• [Assigned task]
When you reach the line containing "bolshoy_fashion_market_osen_11", please repeat it and every line after it exactly, through the end of the listing below, skipping pictures.

• [Source material]
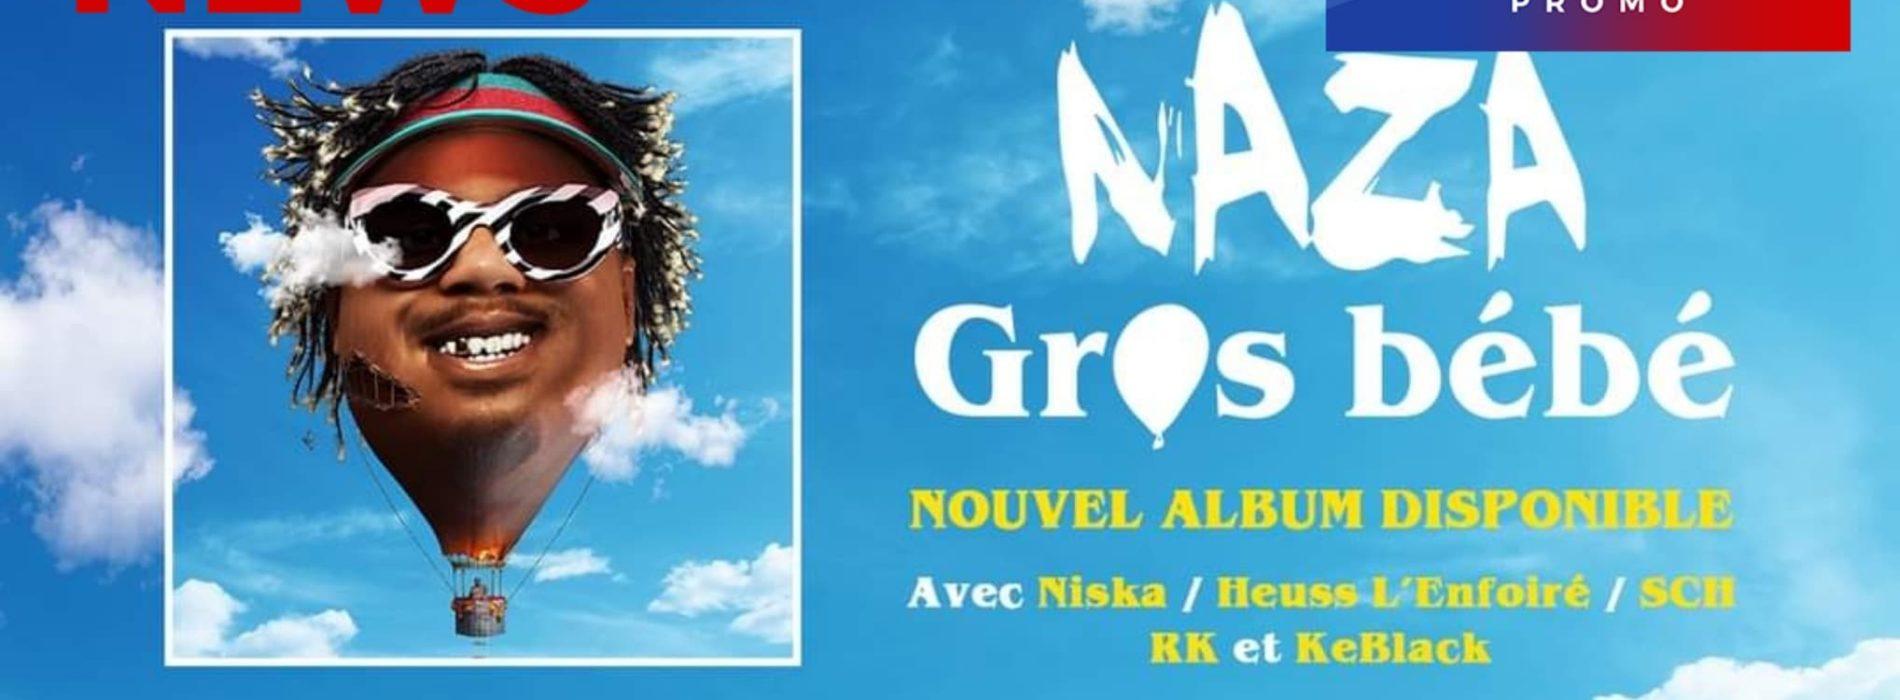 """Découvre le nouvel album de Naza intitulé """"Gros bébé"""" , sortie le 13 novembre 2020."""
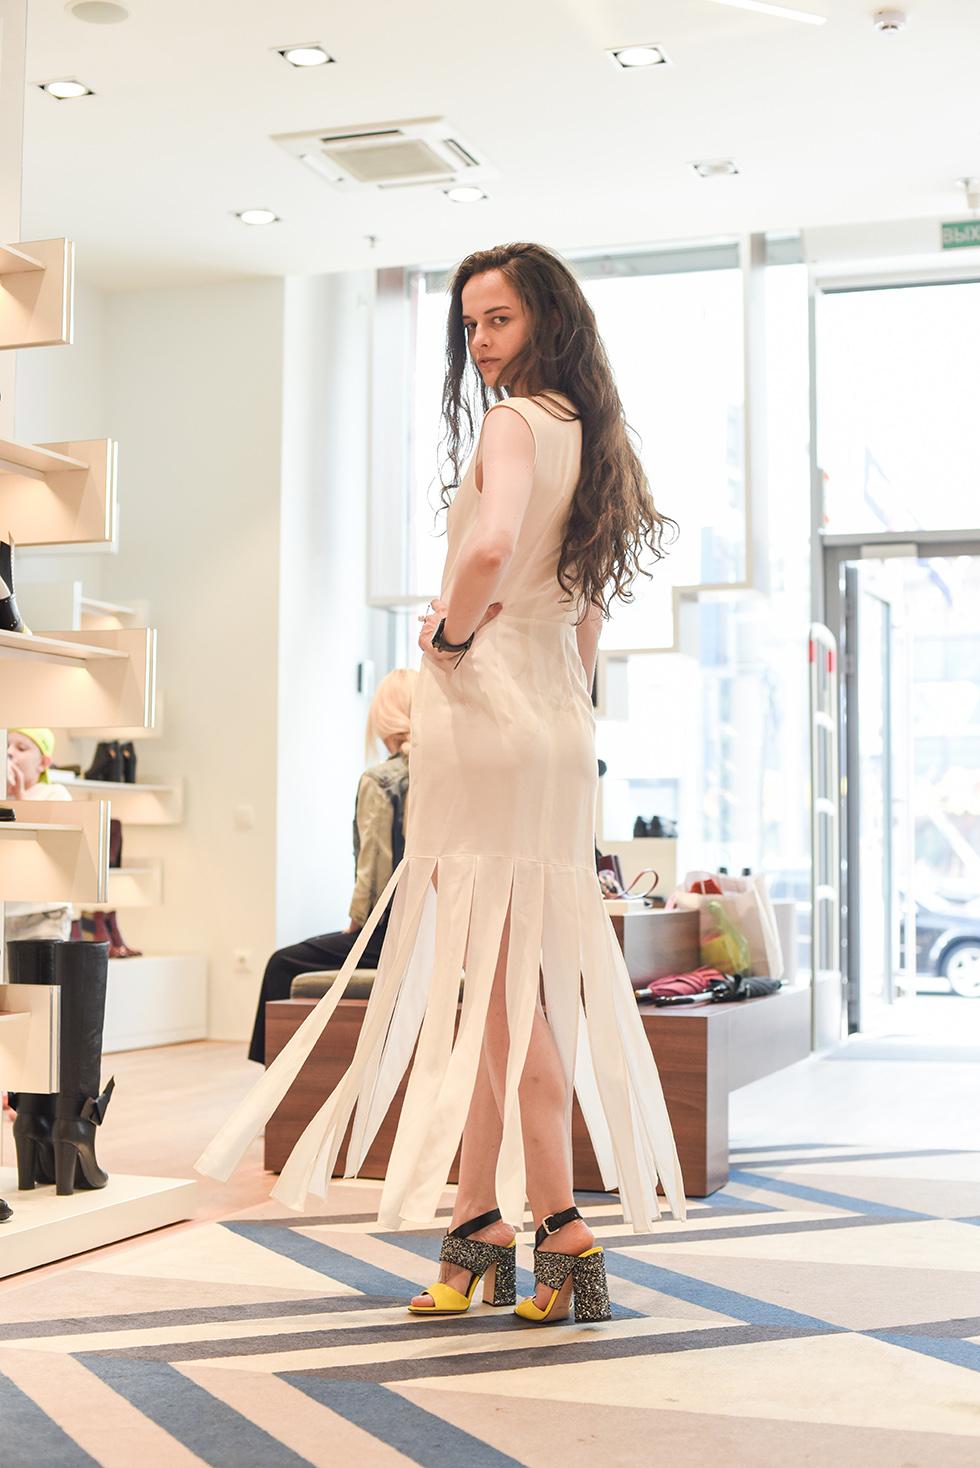 bolshoy_fashion_market_osen_11
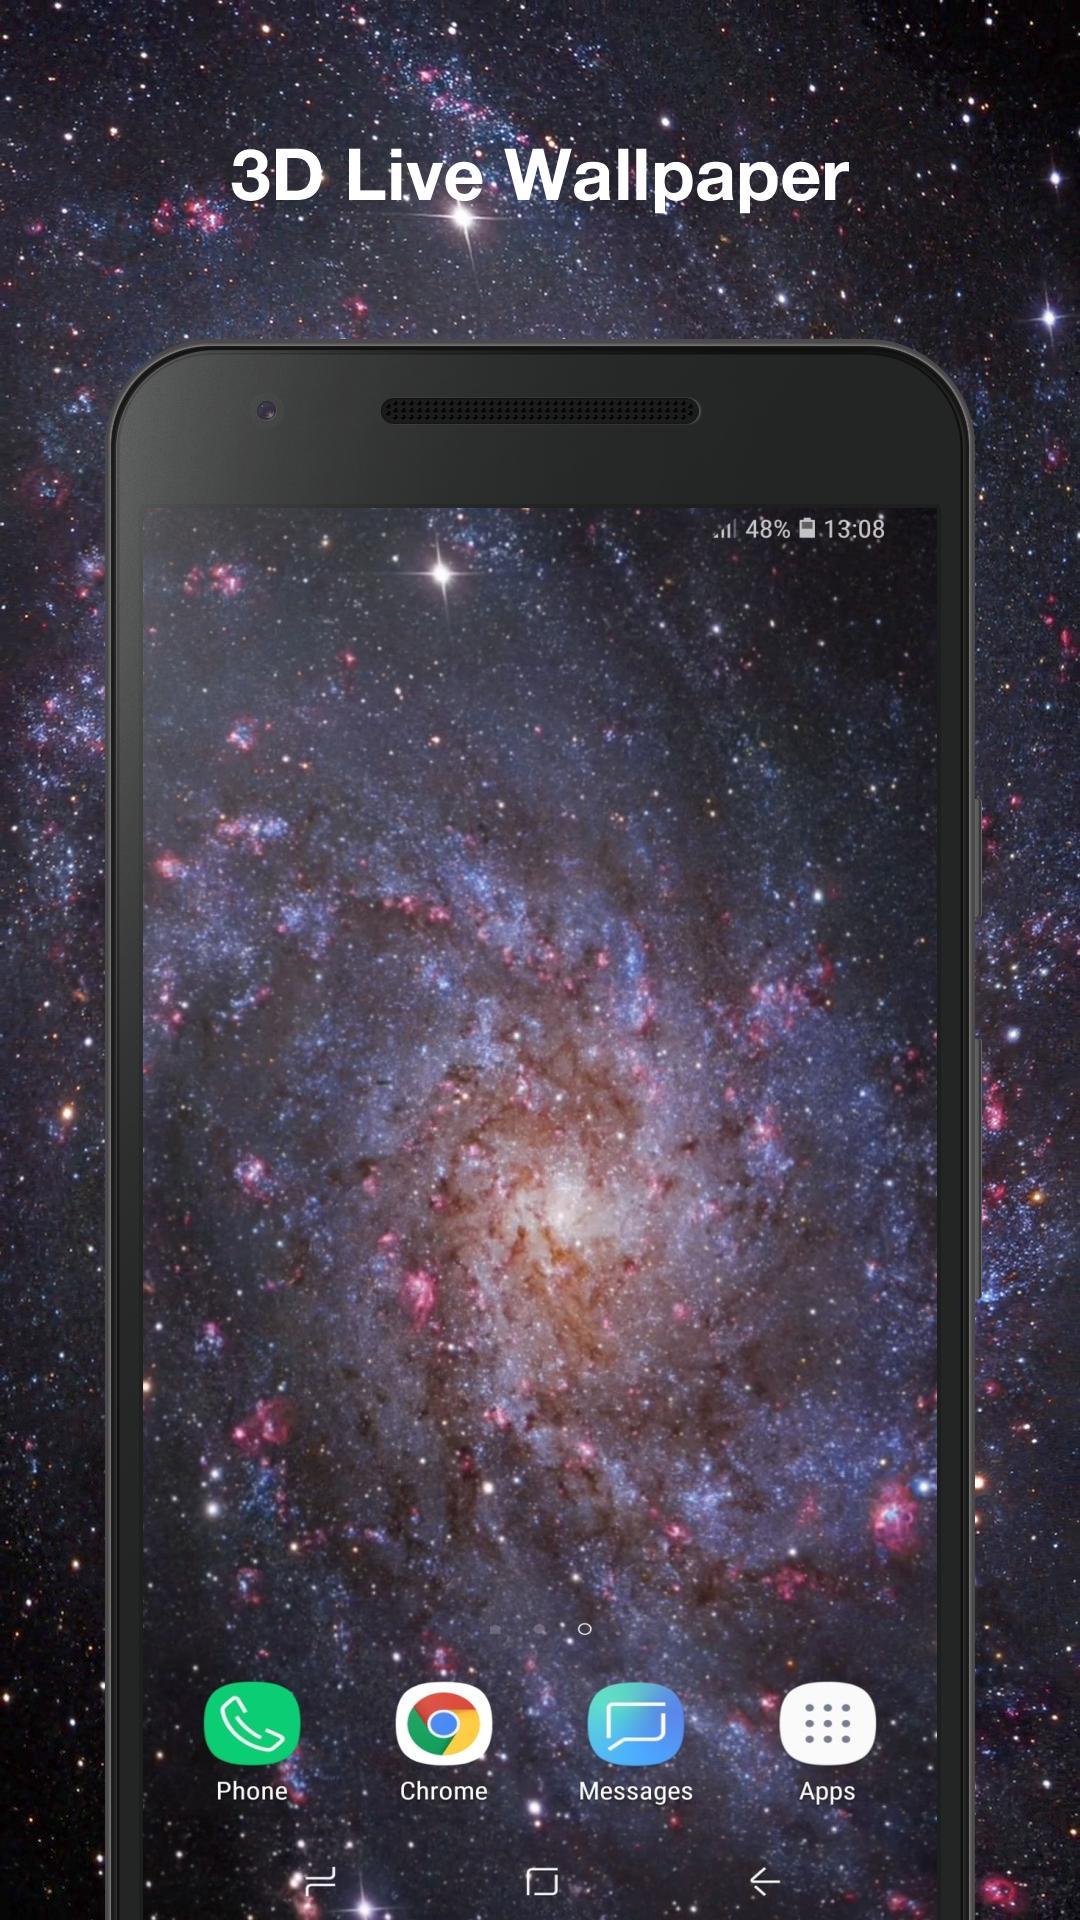 Android 用の 宇宙の粒子 アニメーション壁紙 Apk をダウンロード

• [Exercise solution]
 bolshoy_fashion_market_osen_11
 Android 用の 宇宙の粒子 アニメーション壁紙 Apk をダウンロード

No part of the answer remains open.